Closed cessda-bitbucket-importer closed 4 years ago
Original comment by John Shepherdson (GitHub: john-shepherdson).
I’ll fix the label issues (via the linked issue), but cannot fix the behavioural ones, which will have to wait for the next maintenance phase.
Original comment by Taina Jääskeläinen.
I have made an issue to the service providers, if they have titles beginning with brackets or with single or double quotation marks.
Original comment by John Shepherdson (GitHub: john-shepherdson).
The ElasticSearch config file for each language points to the default stopword list for that language (where available):
czech, danish, german, greek, english, finnish, french, hungarian, italian, dutch, norwegian, portuguese, swedish.
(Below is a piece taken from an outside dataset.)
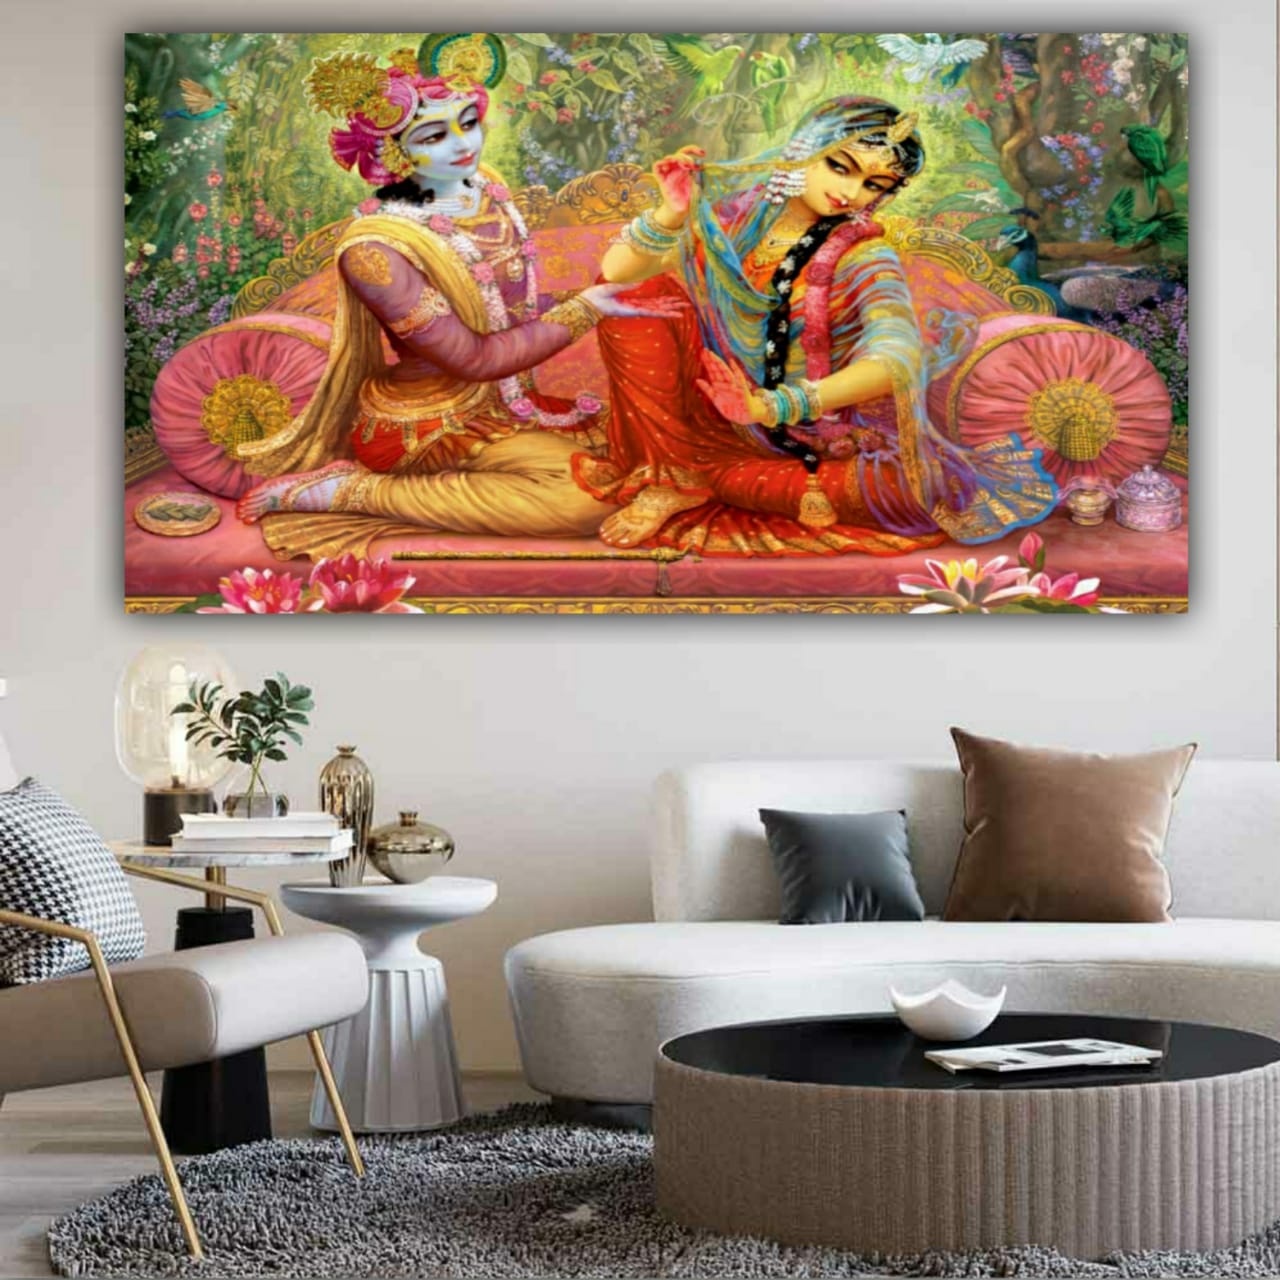 Radha krishna wall painting frame for living room wall decor

Elasticsearch provides the following predefined list of stopword languages:
_arabic_
, _armenian_
, _basque_
, _brazilian_
, _bulgarian_
, _catalan_
, _czech_
, _danish_
, _dutch_
, _english_
, _finnish_
, _french_
, _galician_
, _german_
, _greek_
, _hindi_
, _hungarian_
, _indonesian_
, _irish_
, _italian_
, _latvian_
, _norwegian_
, _persian_
, _portuguese_
, _romanian_
, _russian_
, _sorani_
, _spanish_
, _swedish_
, _thai_
, _turkish_
.
So, no stopword lists are available for estonian, slovakian and slovenian
Original comment by John Shepherdson (GitHub: john-shepherdson).
1 - fixed via #154
2 - TODO (see also https://github.com/cessda/cessda.metadata.office/issues/55 and https://github.com/cessda/cessda.metadata.office/issues/56)
3 - fixed via #204
Original comment by Taina Jääskeläinen.
Adding a sub-issue number 4:
Looking at Z-A sorting, it seems that if the title starts with a small letter and not a capital letter, the sorting goes haywire. Teach system to treat small and capital letters alike?
Sometimes there is a need to have the title to start with a small letter, for instance elderLUCID: London UCL Older adults' clear speech in interaction database. Here elderLUCID is the database name.
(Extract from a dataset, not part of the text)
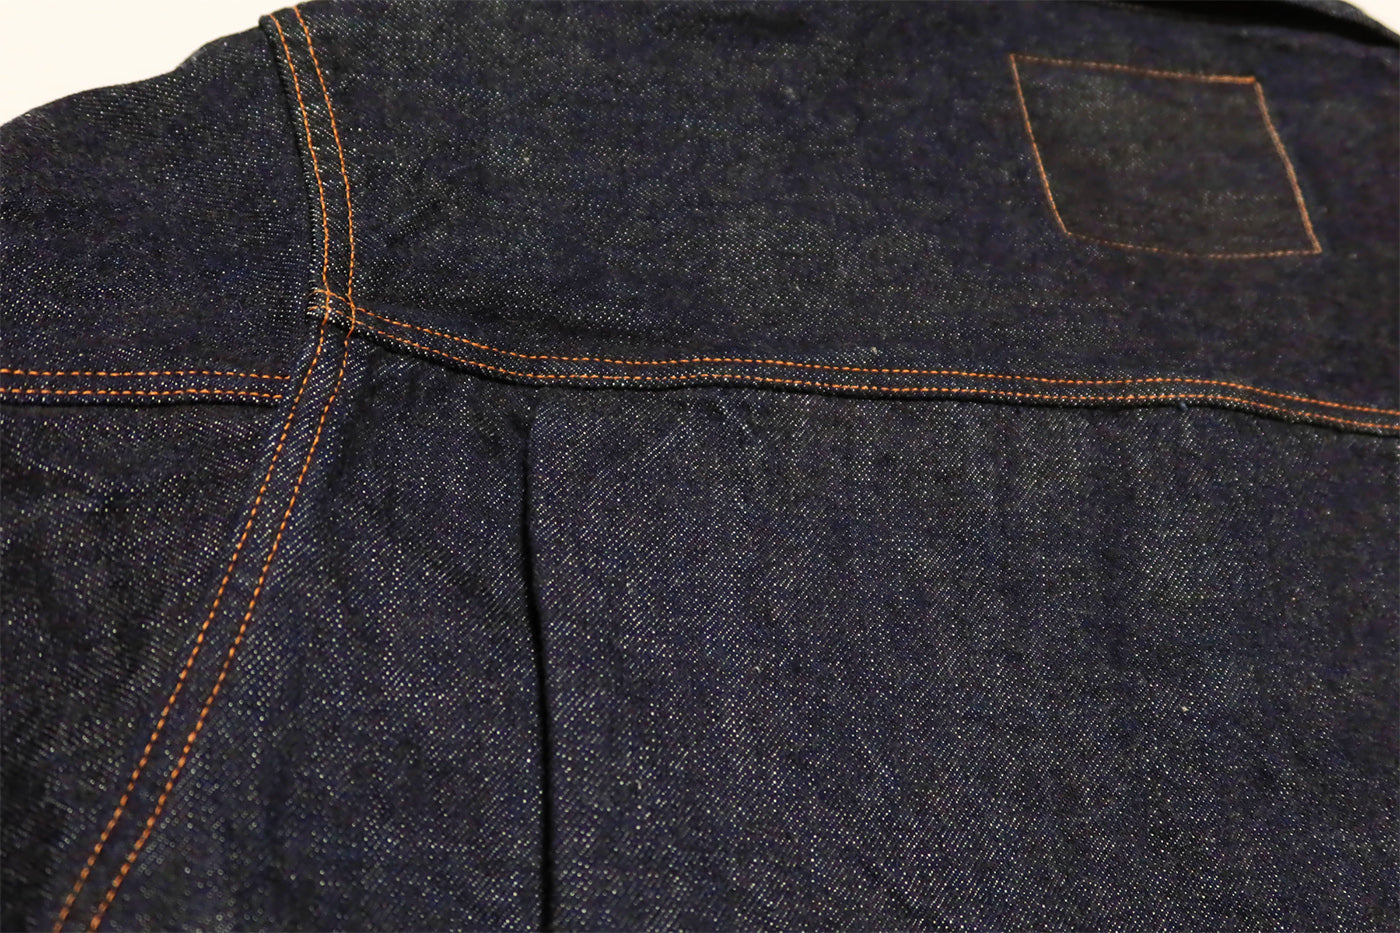 Pherrow's Denim Jacket 510SW 13.5oz. Men's Denim Blouse Jeans Made in Japan

Original comment by John Shepherdson (GitHub: john-shepherdson).
@matthew-morris-cessda Are you able to fix this? if so, please self-assign.
Original comment by Taina Jääskeläinen.
https://github.com/cessda/cessda.metadata.office/issues/56 is fixed and closed.
Original comment by Matthew Morris (GitHub: matthew-morris-cessda).
I’ve discovered the root cause:
Letters are represented by numbers by computers, for example the letter G is represented by the number 71.
This issue is caused by lowercase letters are represented with larger numbers (i.e. g is represented by the number 103). Elasticsearch sorts by these numbers by default.
This has been fixed as of https://github.com/cessda/cessda.cdc.osmh-indexer.cmm/commit/8940f3543f0a3e668c2ed8ac68dcb00e218ba45f but a reindex is required in order for the fix to take effect.
Original comment by Matthew Morris (GitHub: matthew-morris-cessda).
[link to pull request removed](link to pull request removed)
Original comment by Matthew Morris (GitHub: matthew-morris-cessda).
Original report on BitBucket by Taina Jääskeläinen.
Alphabetical ordering by titles: some issues.